■ **TASK DETAILS**: Find the word "jewelry" in the listing; pull out each line holding it.

■ **RECORDS TO PROCESS**:

[Start of Attachment]

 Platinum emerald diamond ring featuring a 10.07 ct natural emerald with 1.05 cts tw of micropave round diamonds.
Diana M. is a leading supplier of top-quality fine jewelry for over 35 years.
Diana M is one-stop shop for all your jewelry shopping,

[End of Attachment]
[Start of Attachment]

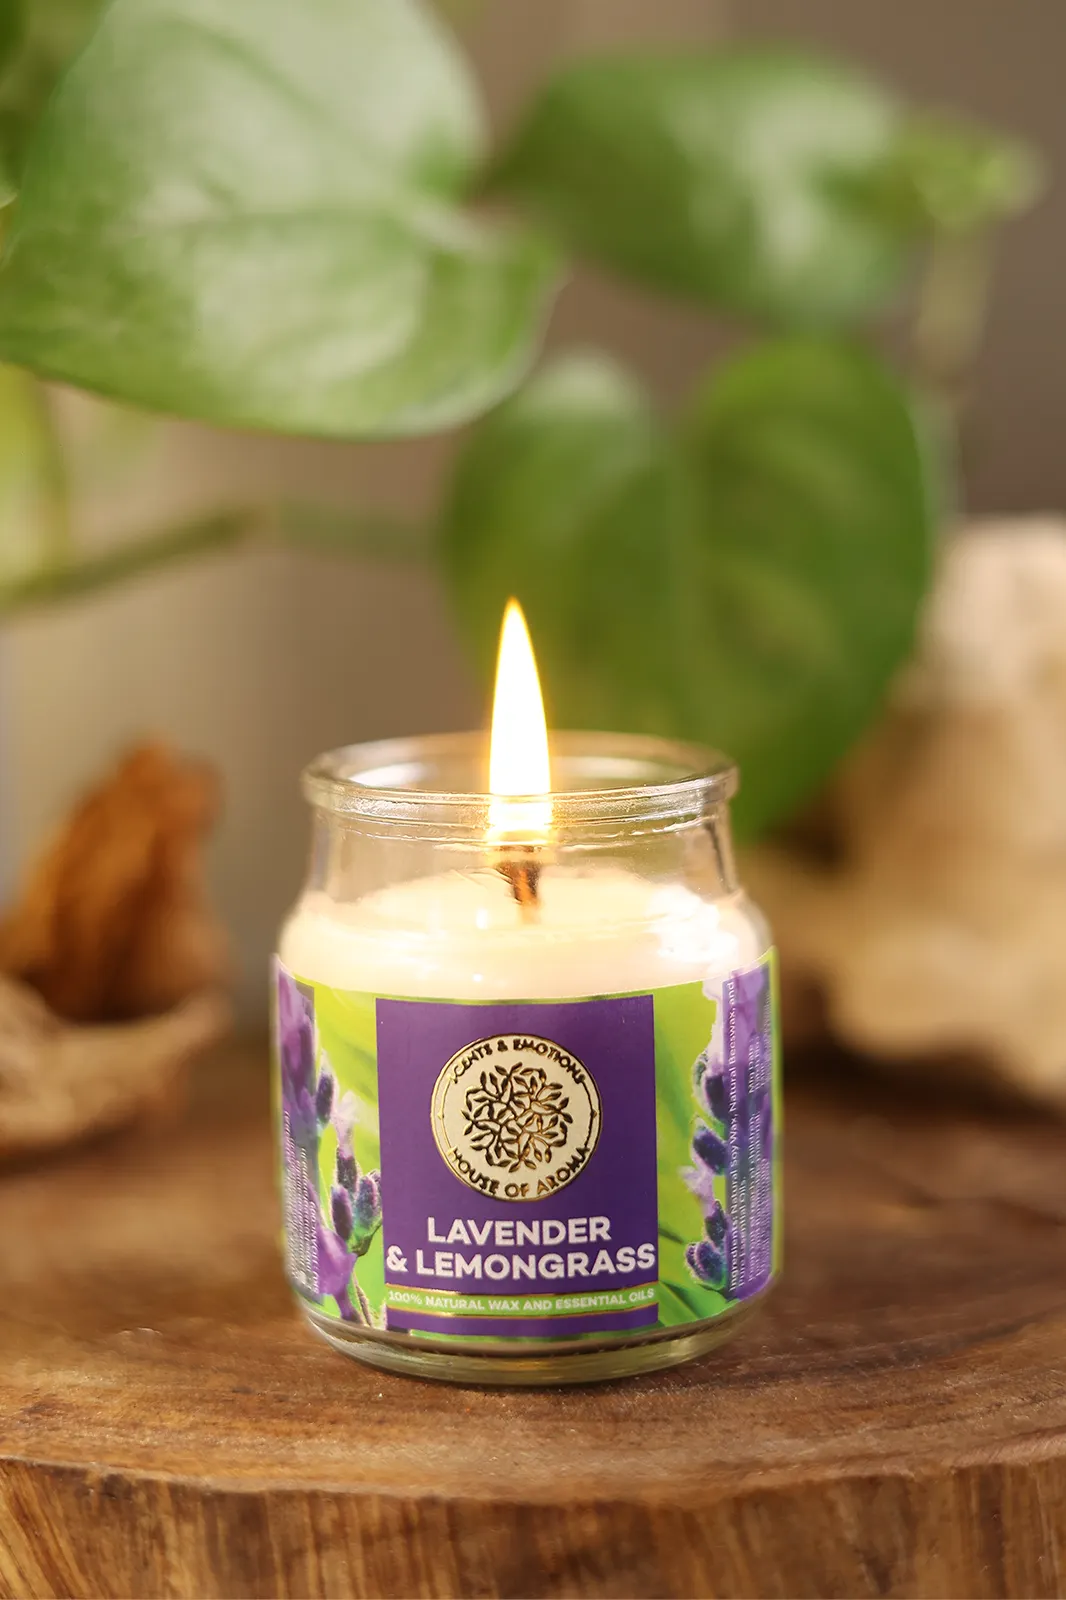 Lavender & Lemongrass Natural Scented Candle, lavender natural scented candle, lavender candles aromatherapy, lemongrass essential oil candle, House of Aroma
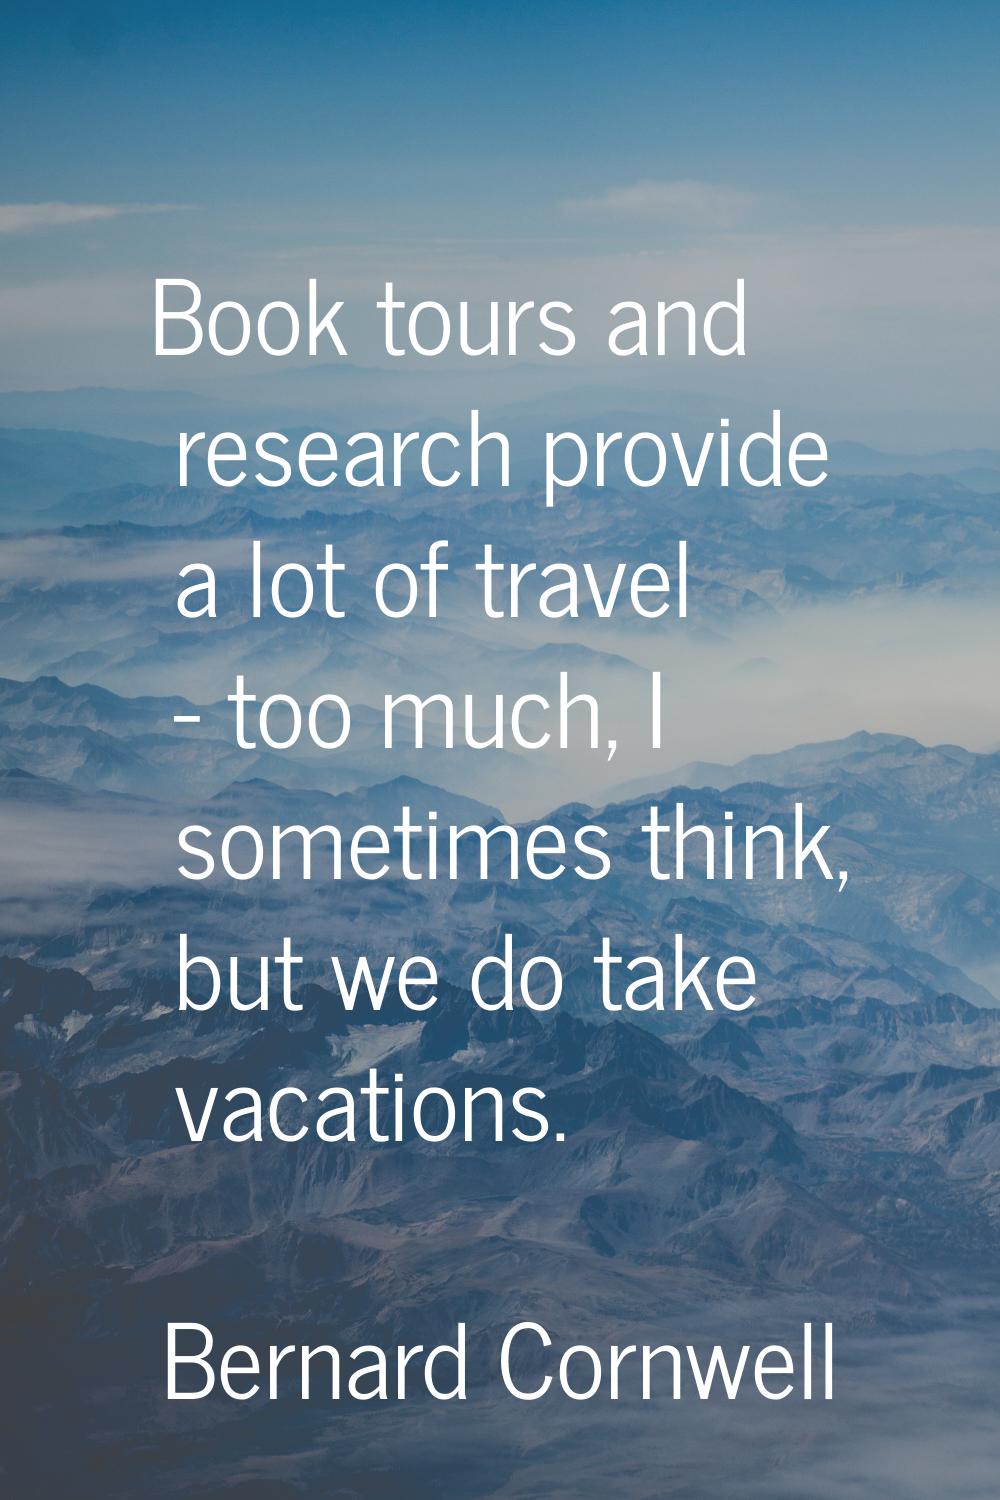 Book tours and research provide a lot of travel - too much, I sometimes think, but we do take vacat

[End of Attachment]

■ **WORKED SOLUTION**:
Diana M. is a leading supplier of top-quality fine jewelry for over 35 years.
Diana M is one-stop shop for all your jewelry shopping,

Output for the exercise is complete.